With no line omitted, restate the records below exactly as they appear.

· · · · ·

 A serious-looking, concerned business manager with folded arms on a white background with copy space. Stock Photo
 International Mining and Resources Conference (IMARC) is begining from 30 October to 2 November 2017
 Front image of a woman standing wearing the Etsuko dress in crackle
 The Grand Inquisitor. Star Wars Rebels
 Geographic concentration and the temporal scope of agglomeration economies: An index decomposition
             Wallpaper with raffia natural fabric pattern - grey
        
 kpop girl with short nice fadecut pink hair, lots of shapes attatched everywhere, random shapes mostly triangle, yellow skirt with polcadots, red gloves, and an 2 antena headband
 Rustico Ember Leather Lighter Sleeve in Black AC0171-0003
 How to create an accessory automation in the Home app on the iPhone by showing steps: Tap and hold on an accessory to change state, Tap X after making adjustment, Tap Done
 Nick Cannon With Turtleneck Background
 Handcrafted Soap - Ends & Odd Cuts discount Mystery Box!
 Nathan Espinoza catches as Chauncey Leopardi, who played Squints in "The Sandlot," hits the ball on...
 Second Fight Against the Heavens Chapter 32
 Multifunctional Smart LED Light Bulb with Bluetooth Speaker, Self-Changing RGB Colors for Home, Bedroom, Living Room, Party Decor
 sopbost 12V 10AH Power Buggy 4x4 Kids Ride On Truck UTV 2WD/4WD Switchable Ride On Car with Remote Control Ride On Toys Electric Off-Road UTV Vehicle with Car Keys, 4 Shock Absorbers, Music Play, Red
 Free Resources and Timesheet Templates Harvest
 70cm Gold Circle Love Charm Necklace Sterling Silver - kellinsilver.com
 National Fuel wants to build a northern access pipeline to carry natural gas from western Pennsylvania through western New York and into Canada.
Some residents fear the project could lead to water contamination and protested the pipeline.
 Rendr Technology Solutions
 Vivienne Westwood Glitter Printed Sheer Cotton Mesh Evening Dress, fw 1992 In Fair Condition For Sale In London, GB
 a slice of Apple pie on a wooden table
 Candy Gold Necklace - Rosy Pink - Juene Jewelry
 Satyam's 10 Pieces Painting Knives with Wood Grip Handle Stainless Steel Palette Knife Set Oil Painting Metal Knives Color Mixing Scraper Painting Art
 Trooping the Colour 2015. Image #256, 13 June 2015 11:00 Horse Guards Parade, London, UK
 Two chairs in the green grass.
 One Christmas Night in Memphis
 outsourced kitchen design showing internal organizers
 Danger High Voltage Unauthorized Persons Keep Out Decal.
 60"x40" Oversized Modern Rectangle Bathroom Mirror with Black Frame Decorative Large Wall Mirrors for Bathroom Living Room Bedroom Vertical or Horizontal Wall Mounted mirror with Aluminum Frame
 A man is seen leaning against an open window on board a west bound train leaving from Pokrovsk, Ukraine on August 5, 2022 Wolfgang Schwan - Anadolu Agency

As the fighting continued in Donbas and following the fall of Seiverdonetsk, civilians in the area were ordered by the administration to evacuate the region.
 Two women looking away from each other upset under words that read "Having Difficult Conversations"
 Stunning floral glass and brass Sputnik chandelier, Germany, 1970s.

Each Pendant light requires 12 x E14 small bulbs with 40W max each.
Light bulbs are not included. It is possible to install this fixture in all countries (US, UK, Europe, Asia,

· · · · ·

• **Your response**
 A serious-looking, concerned business manager with folded arms on a white background with copy space. Stock Photo
 International Mining and Resources Conference (IMARC) is begining from 30 October to 2 November 2017
 Front image of a woman standing wearing the Etsuko dress in crackle
 The Grand Inquisitor. Star Wars Rebels
 Geographic concentration and the temporal scope of agglomeration economies: An index decomposition
             Wallpaper with raffia natural fabric pattern - grey
        
 kpop girl with short nice fadecut pink hair, lots of shapes attatched everywhere, random shapes mostly triangle, yellow skirt with polcadots, red gloves, and an 2 antena headband
 Rustico Ember Leather Lighter Sleeve in Black AC0171-0003
 How to create an accessory automation in the Home app on the iPhone by showing steps: Tap and hold on an accessory to change state, Tap X after making adjustment, Tap Done
 Nick Cannon With Turtleneck Background
 Handcrafted Soap - Ends & Odd Cuts discount Mystery Box!
 Nathan Espinoza catches as Chauncey Leopardi, who played Squints in "The Sandlot," hits the ball on...
 Second Fight Against the Heavens Chapter 32
 Multifunctional Smart LED Light Bulb with Bluetooth Speaker, Self-Changing RGB Colors for Home, Bedroom, Living Room, Party Decor
 sopbost 12V 10AH Power Buggy 4x4 Kids Ride On Truck UTV 2WD/4WD Switchable Ride On Car with Remote Control Ride On Toys Electric Off-Road UTV Vehicle with Car Keys, 4 Shock Absorbers, Music Play, Red
 Free Resources and Timesheet Templates Harvest
 70cm Gold Circle Love Charm Necklace Sterling Silver - kellinsilver.com
 National Fuel wants to build a northern access pipeline to carry natural gas from western Pennsylvania through western New York and into Canada.
Some residents fear the project could lead to water contamination and protested the pipeline.
 Rendr Technology Solutions
 Vivienne Westwood Glitter Printed Sheer Cotton Mesh Evening Dress, fw 1992 In Fair Condition For Sale In London, GB
 a slice of Apple pie on a wooden table
 Candy Gold Necklace - Rosy Pink - Juene Jewelry
 Satyam's 10 Pieces Painting Knives with Wood Grip Handle Stainless Steel Palette Knife Set Oil Painting Metal Knives Color Mixing Scraper Painting Art
 Trooping the Colour 2015. Image #256, 13 June 2015 11:00 Horse Guards Parade, London, UK
 Two chairs in the green grass.
 One Christmas Night in Memphis
 outsourced kitchen design showing internal organizers
 Danger High Voltage Unauthorized Persons Keep Out Decal.
 60"x40" Oversized Modern Rectangle Bathroom Mirror with Black Frame Decorative Large Wall Mirrors for Bathroom Living Room Bedroom Vertical or Horizontal Wall Mounted mirror with Aluminum Frame
 A man is seen leaning against an open window on board a west bound train leaving from Pokrovsk, Ukraine on August 5, 2022 Wolfgang Schwan - Anadolu Agency

As the fighting continued in Donbas and following the fall of Seiverdonetsk, civilians in the area were ordered by the administration to evacuate the region.
 Two women looking away from each other upset under words that read "Having Difficult Conversations"
 Stunning floral glass and brass Sputnik chandelier, Germany, 1970s.

Each Pendant light requires 12 x E14 small bulbs with 40W max each.
Light bulbs are not included. It is possible to install this fixture in all countries (US, UK, Europe, Asia,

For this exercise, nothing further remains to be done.